~/blog

NLL Loss and Perplexity

Jul 3, 2026•6 min read•By Mohammed Vasim

deep-learningneural-networksmachine-learningrepresentation-learning

A language model assigns a probability to every possible next token given the context seen so far. Its job during training is to assign high probability to the actual next token in the training data. Negative log-likelihood (NLL) measures how well it does this: for each position in the sequence, take the negative log of the probability assigned to the true token, and sum across all positions. Lower NLL means higher probability assigned to the right tokens.

Perplexity is NLL's interpretable cousin. After computing average NLL per token, exponentiate it: PPL = exp(avg NLL). Intuitively, perplexity is the effective number of equally likely choices the model feels it has at each step. A perplexity of 5 means the model is as uncertain as if it had to randomly choose among 5 equally likely tokens at every position.

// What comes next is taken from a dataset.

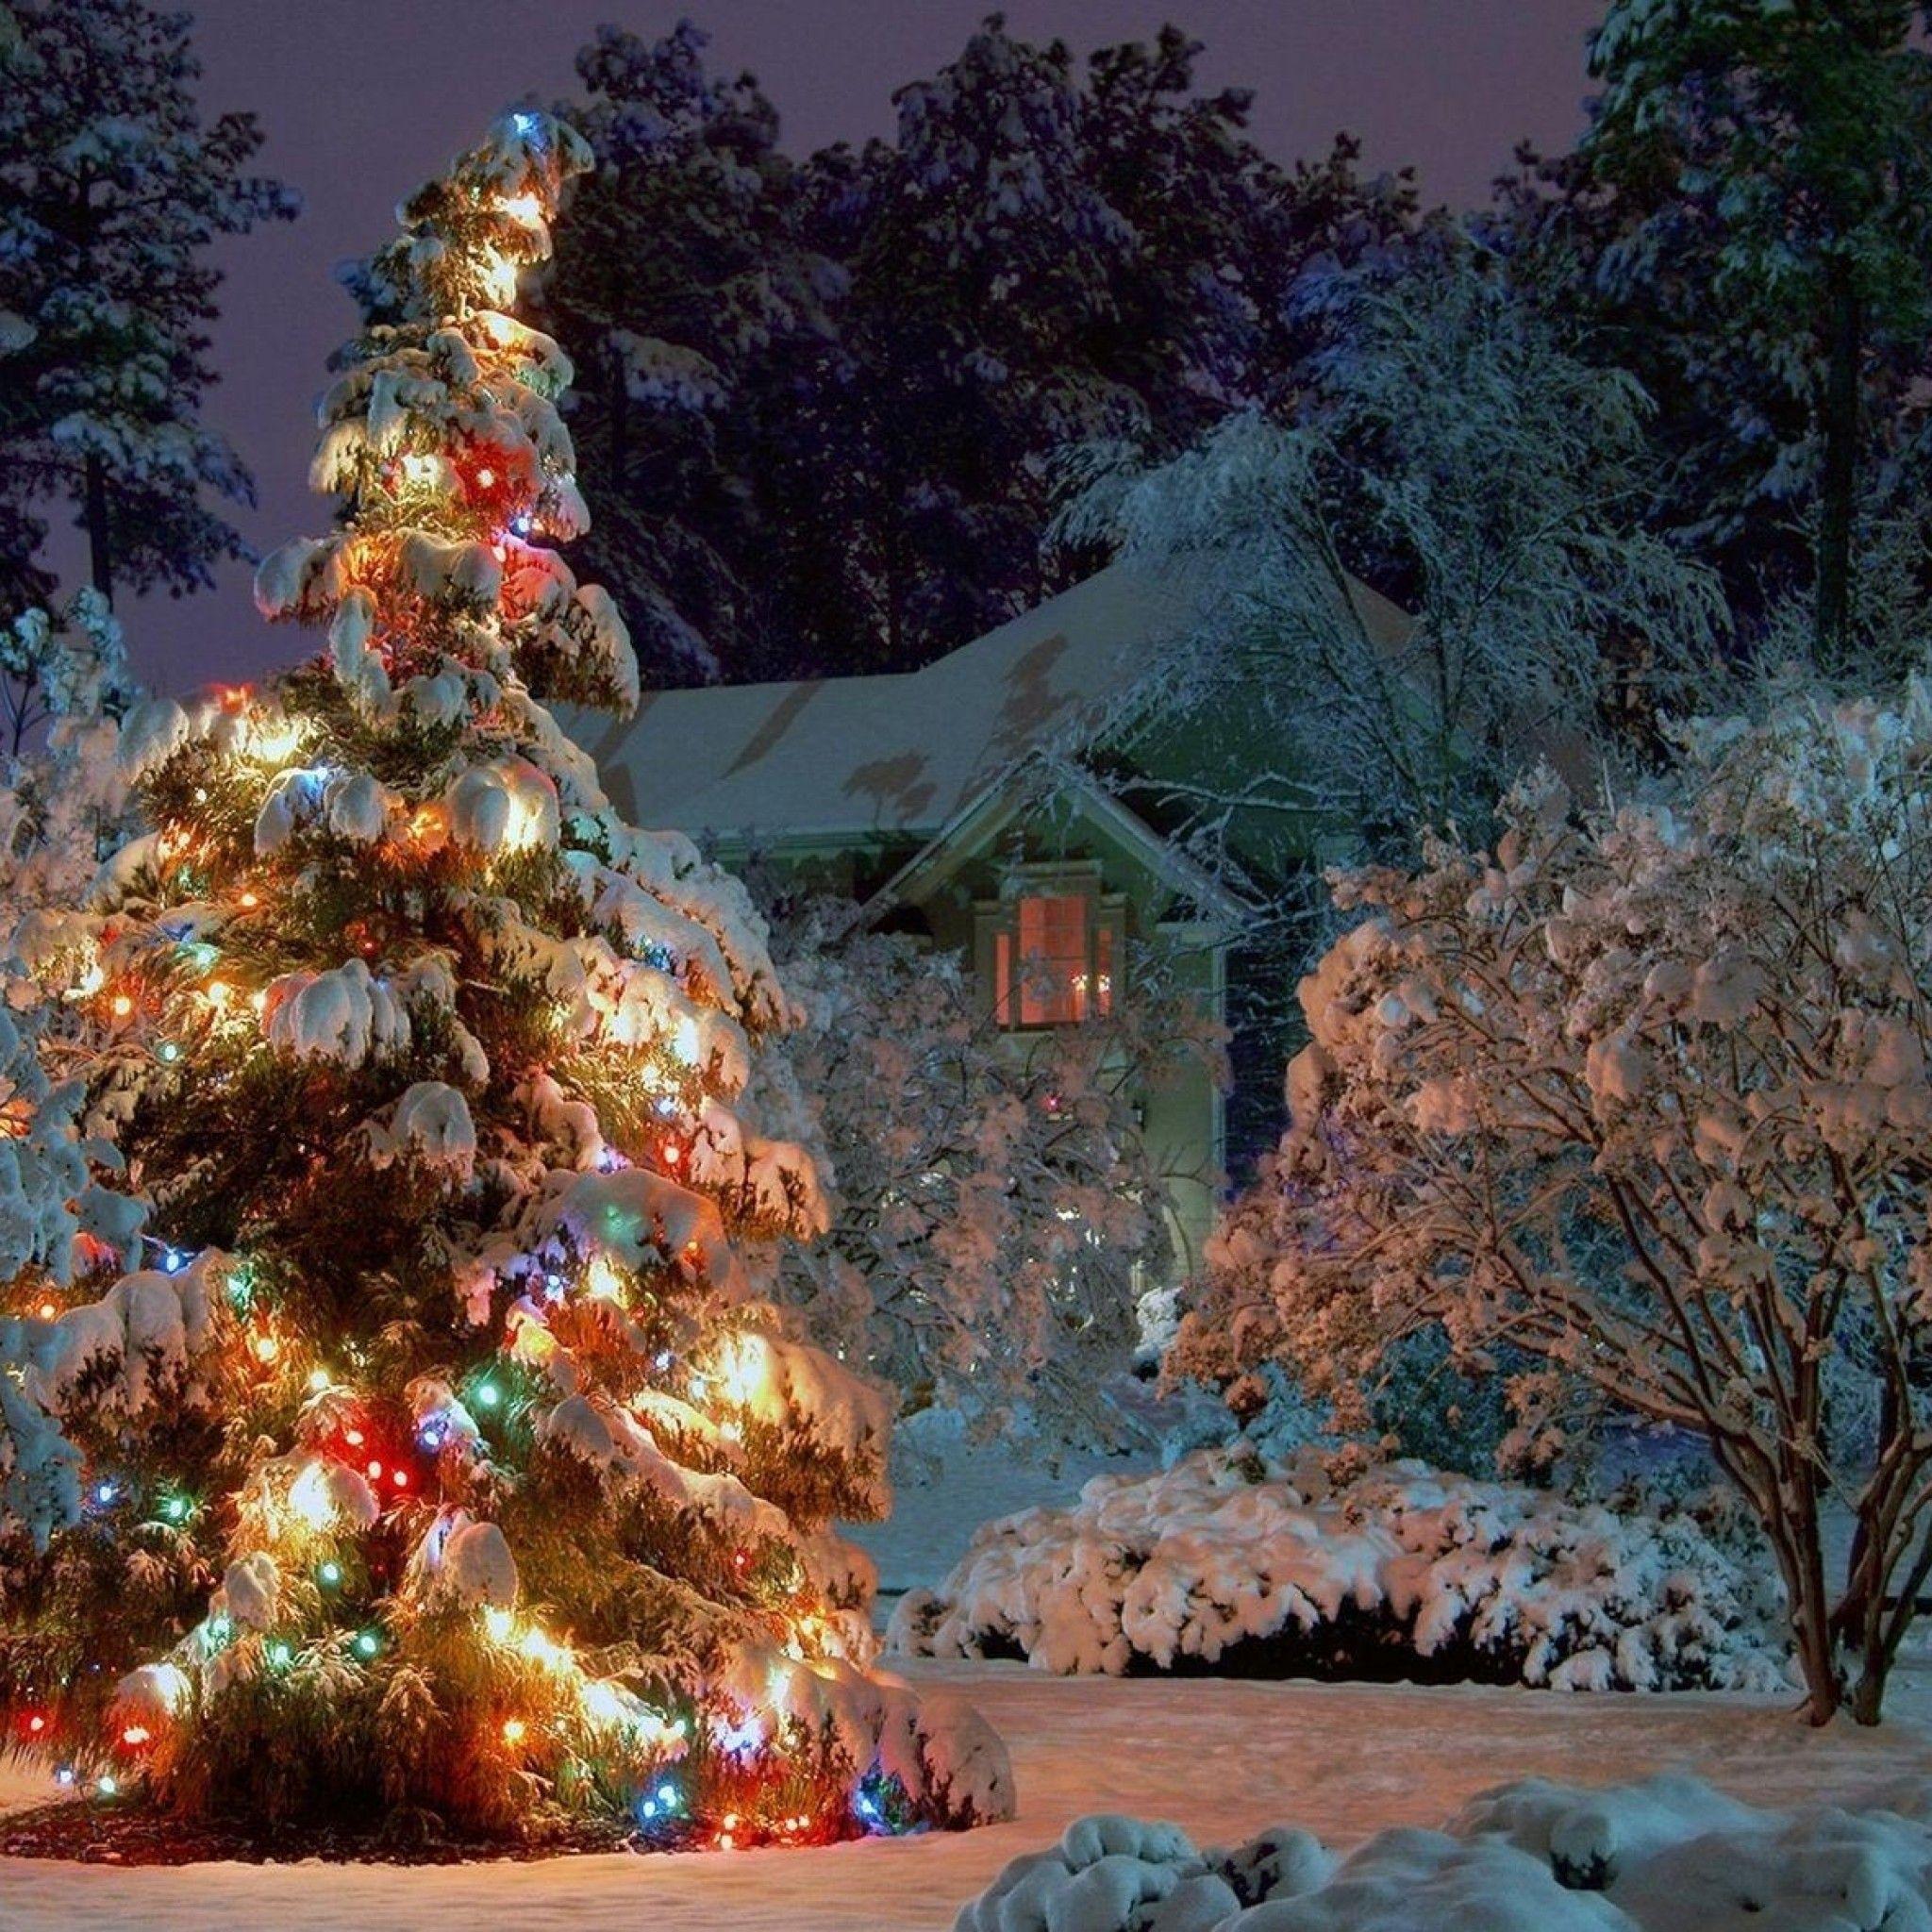 Rustic Christmas Lights Backgrounds ✓ The Decor of Christmas

Anchor: language model predicting next tokens in "The cat sat". Vocabulary: {The, cat, sat, dog, ran}, V=5.

text

P(cat | The)           = 0.4
P(sat | The, cat)      = 0.3
P(<EOS> | The, cat, sat) = 0.25

Negative Log-Likelihood

A sentence probability factorizes by the chain rule:

P(sentence) = P(w₁) · P(w₂|w₁) · P(w₃|w₁,w₂) · ... = Π P(wₜ|w₁,...,wₜ₋₁)

Taking the log turns the product into a sum:

log P = Σₜ log P(wₜ|w₁,...,wₜ₋₁)

Maximizing log P is equivalent to minimizing the negative log-likelihood:

NLL = −Σₜ log P(wₜ|context)

Computing on anchor:

−log(0.4) = −(−0.9163) = 0.9163
−log(0.3) = −(−1.2040) = 1.2040
−log(0.25) = −(−1.3863) = 1.3863

Total NLL = 0.9163 + 1.2040 + 1.3863 = 3.5066

NLL Is Cross-Entropy

Standard cross-entropy for classification: CE = −Σ_k y_k · log(p_k)

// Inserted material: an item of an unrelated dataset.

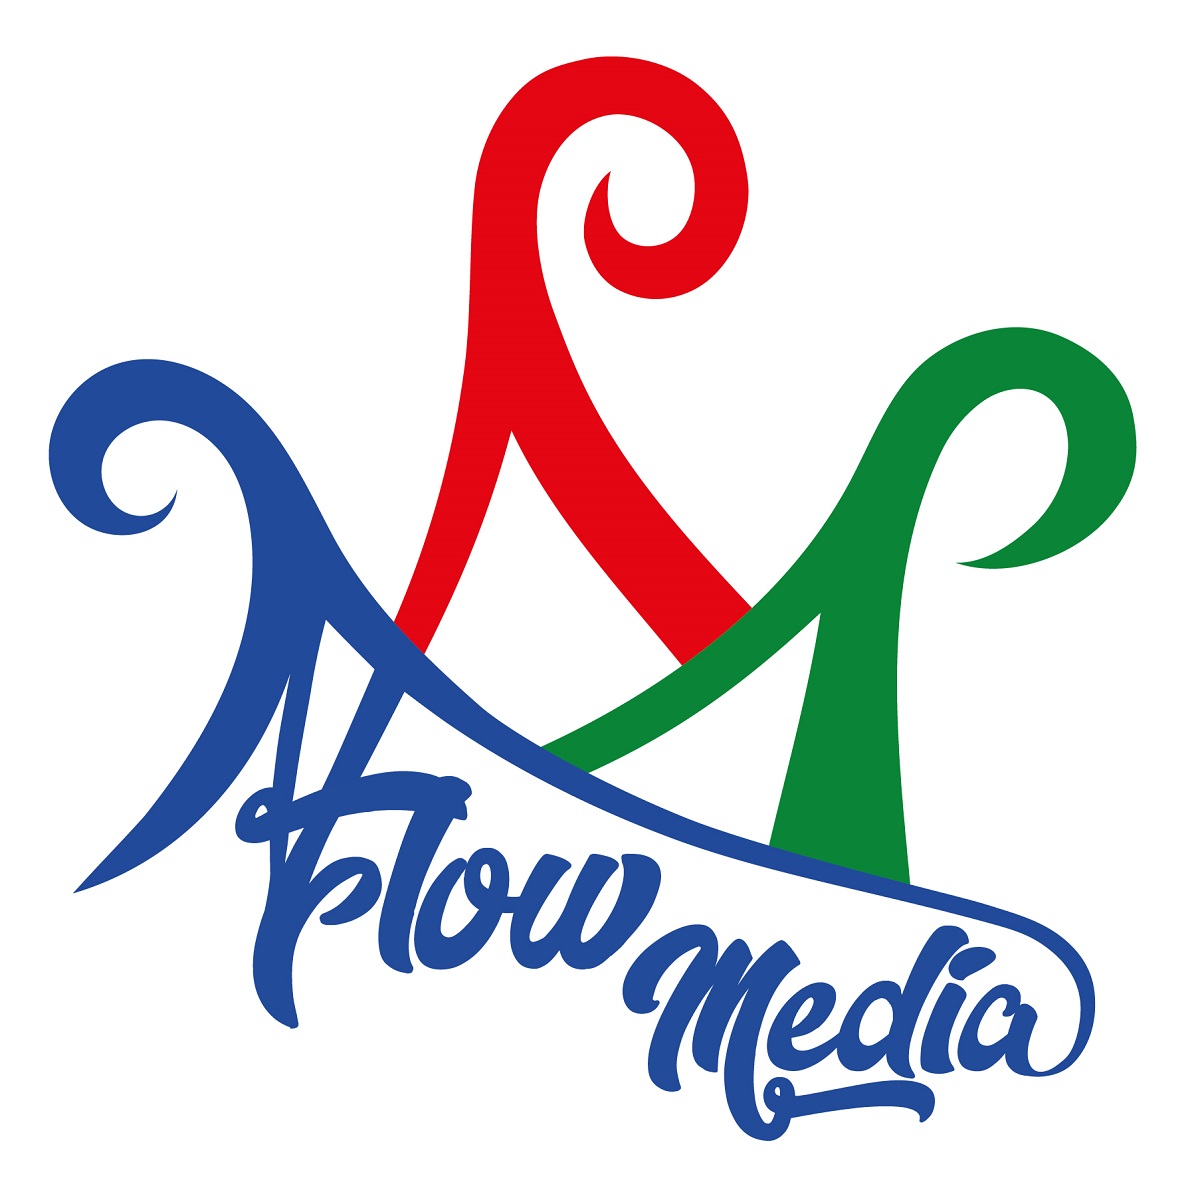 Flow Media

When the label is one-hot (y_k=1 for the true class, 0 otherwise), all terms drop except the true class: CE = −log(p_{true class})

In a language model, each token prediction is exactly this: the label is the next actual token (one-hot), and the loss is −log of the probability assigned to that token. So:

NLL per position = CE per position

At position 1 (predicting "cat" after "The"):

One-hot: [0, 1, 0, 0, 0] for {The, cat, sat, dog, ran}
CE = −(0·log P(The) + 1·log P(cat) + 0·...) = −log(0.4) = 0.9163

This is identical to the NLL term at that position.

Trace Table

Pos	Token	P(token\|context)	log P	−log P (NLL)
1	cat	0.4000	−0.9163	0.9163
2	sat	0.3000	−1.2040	1.2040
3	<EOS>	0.2500	−1.3863	1.3863
Total				3.5066
Mean				1.1689

Average NLL per token = 3.5066 / 3 = 1.1689 nats

Perplexity

PPL = exp(NLL per token) = exp(−(1/T) Σ log P(wₜ|context))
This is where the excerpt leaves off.